## EXERCISE REQUIREMENTS
Reproduce all of the data exactly as written.

## DATA SHOWN
══════
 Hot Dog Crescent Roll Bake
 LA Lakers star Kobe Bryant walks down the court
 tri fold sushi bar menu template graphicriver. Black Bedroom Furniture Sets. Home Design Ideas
══════
## SOLUTION BELOW
 Hot Dog Crescent Roll Bake
 LA Lakers star Kobe Bryant walks down the court
 tri fold sushi bar menu template graphicriver. Black Bedroom Furniture Sets. Home Design Ideas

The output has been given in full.